Penodongan Soekarno Versi Wilardjito
Semuanya berawal, saat Wilardjito mendapat giliran
dinas malam di Istana Bogor pada 10 Maret 1966. Hari
itu, Bung Karno tidur sekitar jam 24:00. Satu jam
kemudian, datanglah empat jenderal tersebut.
Wilardjito mengaku, dialah yang mengetuk pintu kamar
Presiden Soekarno untuk memberitahu kedatangan mereka.
Presiden kemudian menerima empat enderal tersebut di
ruang kerjanya.
“Presiden masih memakai piyama. Saya 3 meter di
belakang Presiden. Cuma yang saya lihat itu kok
kertasnya bukan kertas kepresidenan gitu lho. Itu kok
saya liat kopnya di kiri atas. Kok seperti kop MABAD
(Markas Besar TNI-AD) gitu,” kata Wilardjito.
Namun kesaksian Soekardjo Wilardjito dibantah Pusjarah
TNI. Menurut Wakil Kepala Pusat Sejarah TNI Kolonel R.

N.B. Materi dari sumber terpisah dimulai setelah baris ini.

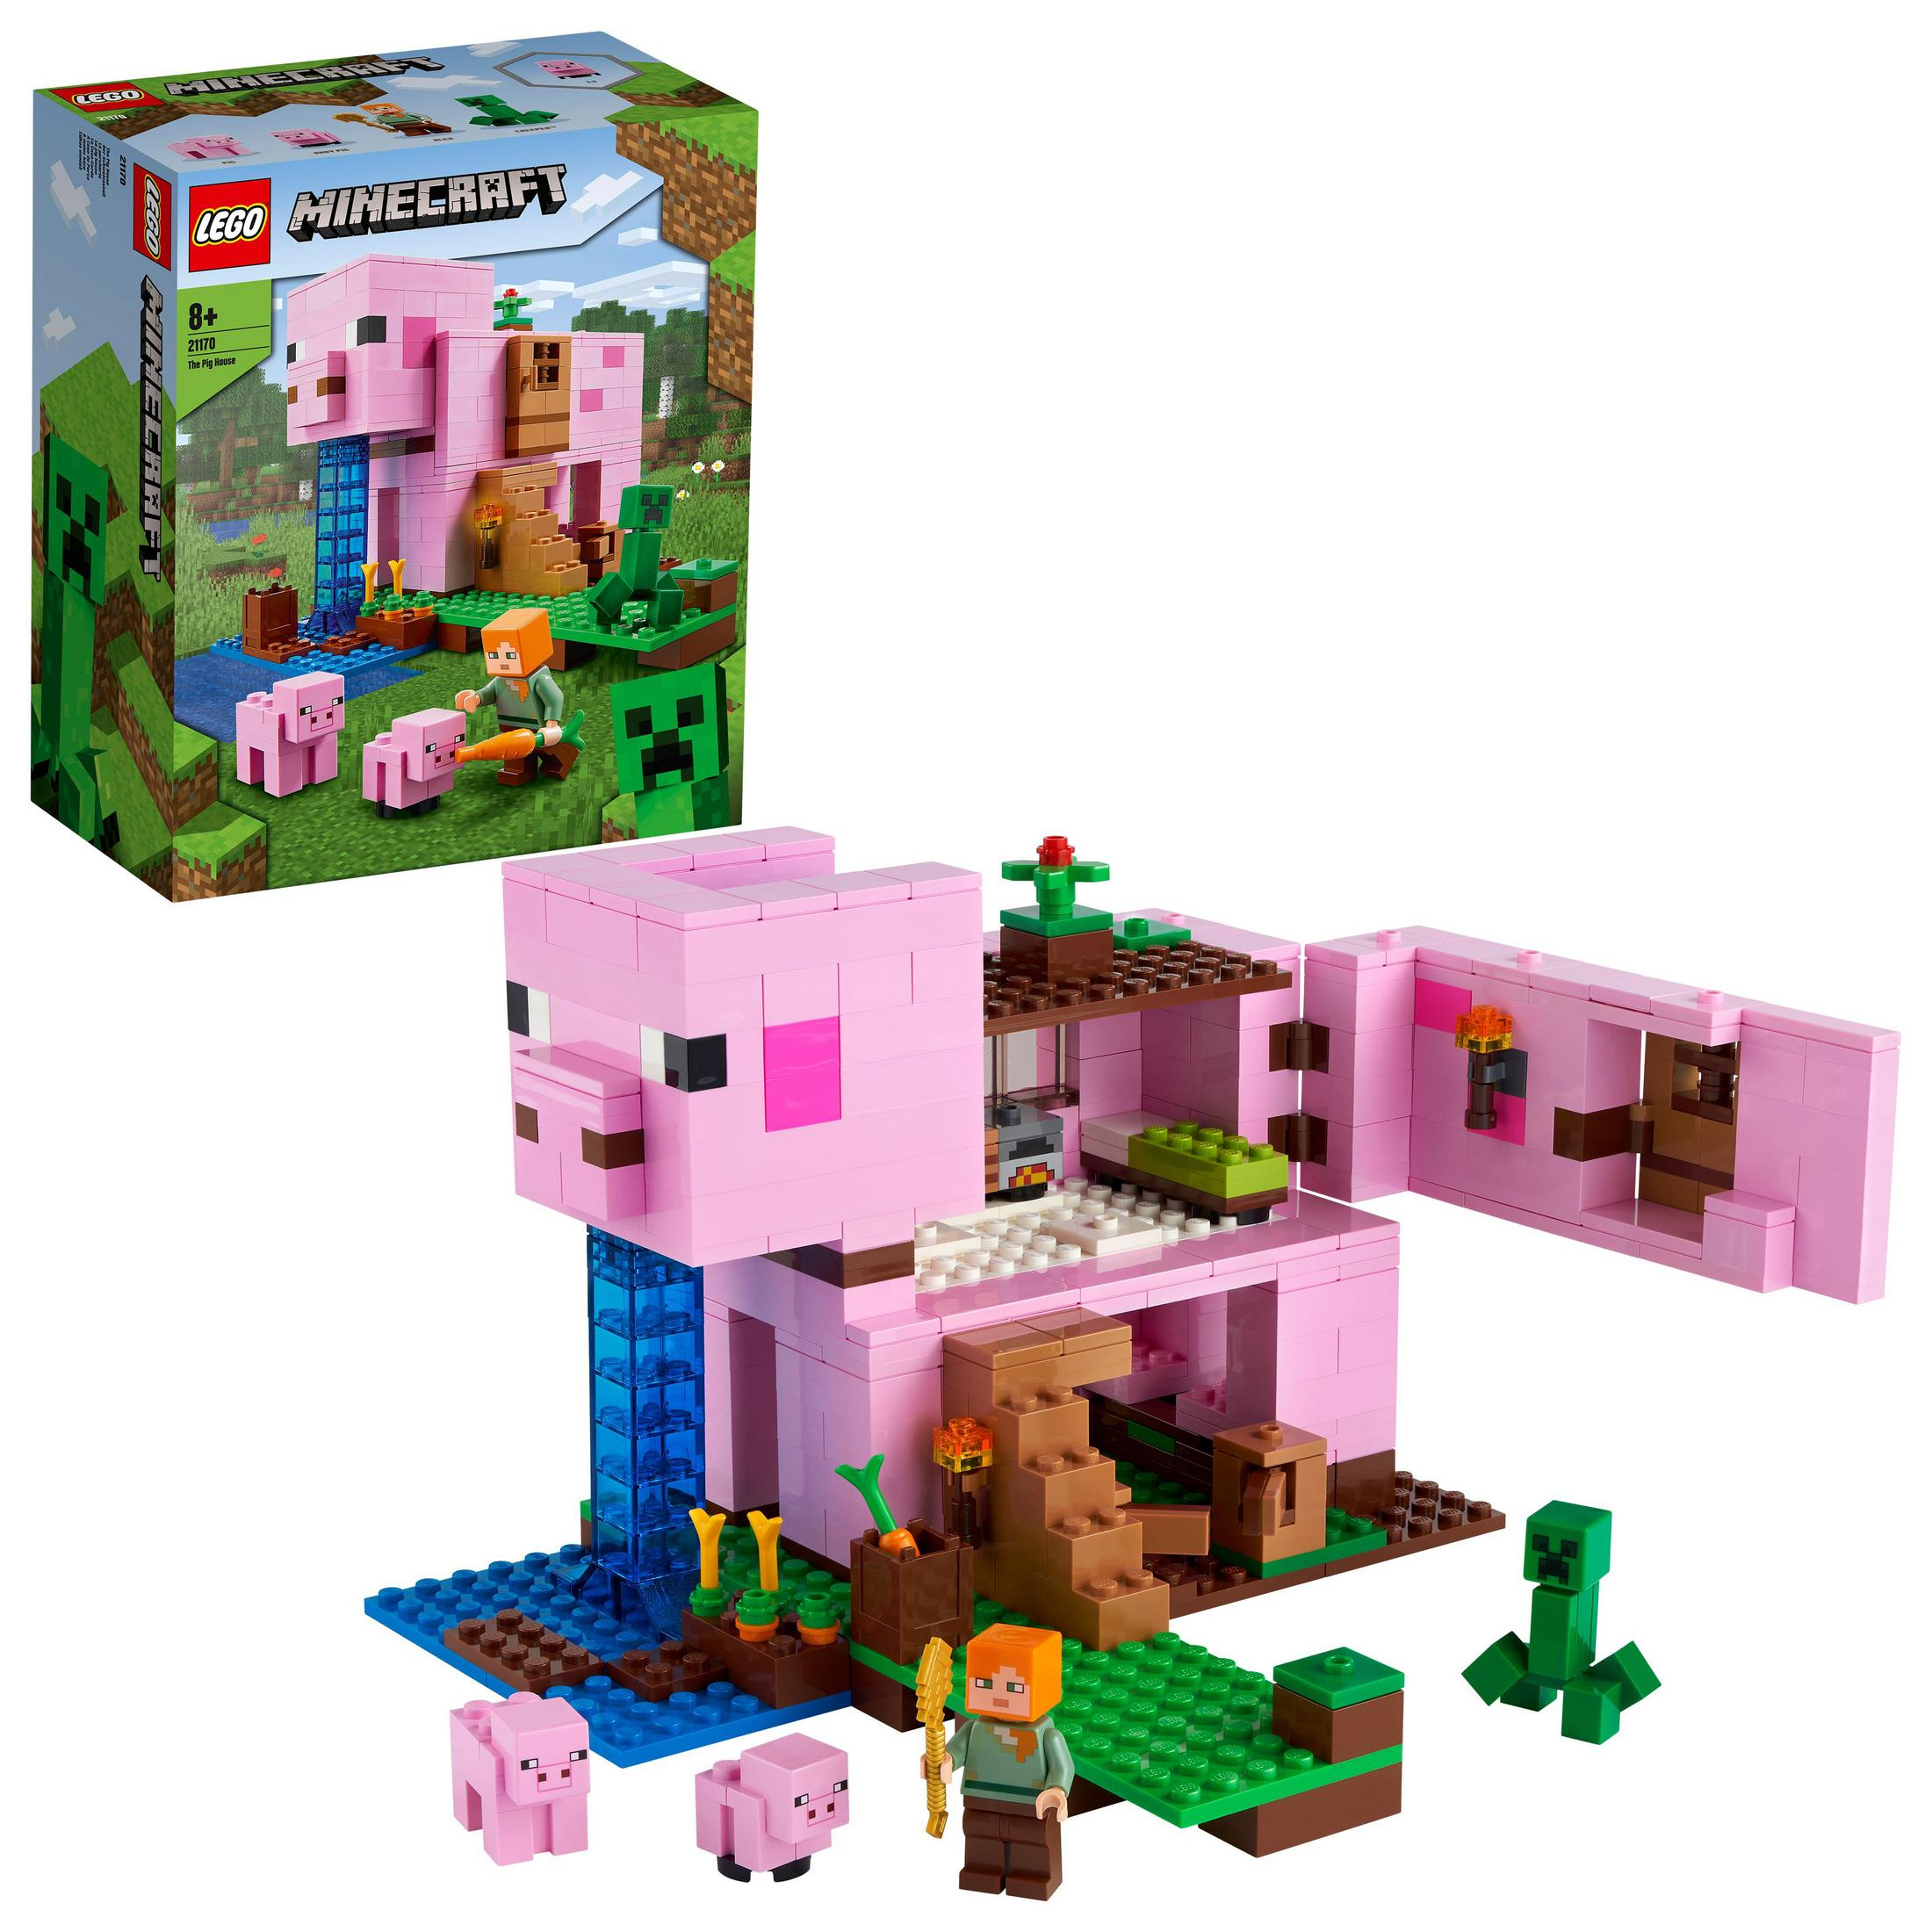 LEGO SCHWEINEHAUS 21170 Minecraft DAS LEGO

Ridhani, Panggabean tak pernah datang ke Istana Bogor.
“Apalagi soal penodongan. Itu yang antara lain
dibantah Pak Jusuf. Nodong pake apa, katanya. Pistol
saja tidak bawa. Jangankan pistol, senjata kecil
apapun juga kita tidak bawa (menirukan Jenderal
(Purn.) M. Jusuf, red.). Semua jenderal-jenderal itu
adalah kesayangan Bung Karno. Tak mungkin berlaku
kurang ajar terhadap Bung Karno,” kata Ridhani.
Tapi sejarahwan Lembaga Ilmu Pengetahuan Indonesia
(LIPI) Asvi Warman Adam punya pedapat lain soal cerita
Wilardjito. “Mungkin saja, kalau tanggalnya itu bukan
tanggal 11 Maret. Tanggal 10 Maret, mungkin saja ada
beberapa orang yang datang ke Istana Bogor. Karena
kalau tanggal 11, ada beberapa saksi lain yang
mengatakan hanya tiga orang jenderal. Tapi kalau
sebelumnya sudah ada upaya yang sama, itu menurut saya
sangat masuk akal,” kata Asvi.
Saksikan di TransTV, 10 dan 11 Maret 2004
Kesaksian Soekardjo Wilardjito dan saksi lain,
bantahan Kolonel R. Ridhani, pendapat Asvi Warman
Adam, serta penelusuran naskah asli Supersemar, dapat
Anda saksiksan lengkap dalam program Hitam Putih –
“Supersemar: Sukarela atau Kudeta?” yang ditayangkan
TransTV pada Selasa, 10 Maret pukul 23.30-24.00 WIB,
dan Rabu, 11 Maret 2004 jam 24:00 WIB (sesudah acara
dialog Kupas Tuntas).
Hitam Putih adalah program dokumenter Trans TV, yang
mengulas berbagai peristiwa bersejarah, yang dianggap
punya dampak penting dalam sejarah nasional.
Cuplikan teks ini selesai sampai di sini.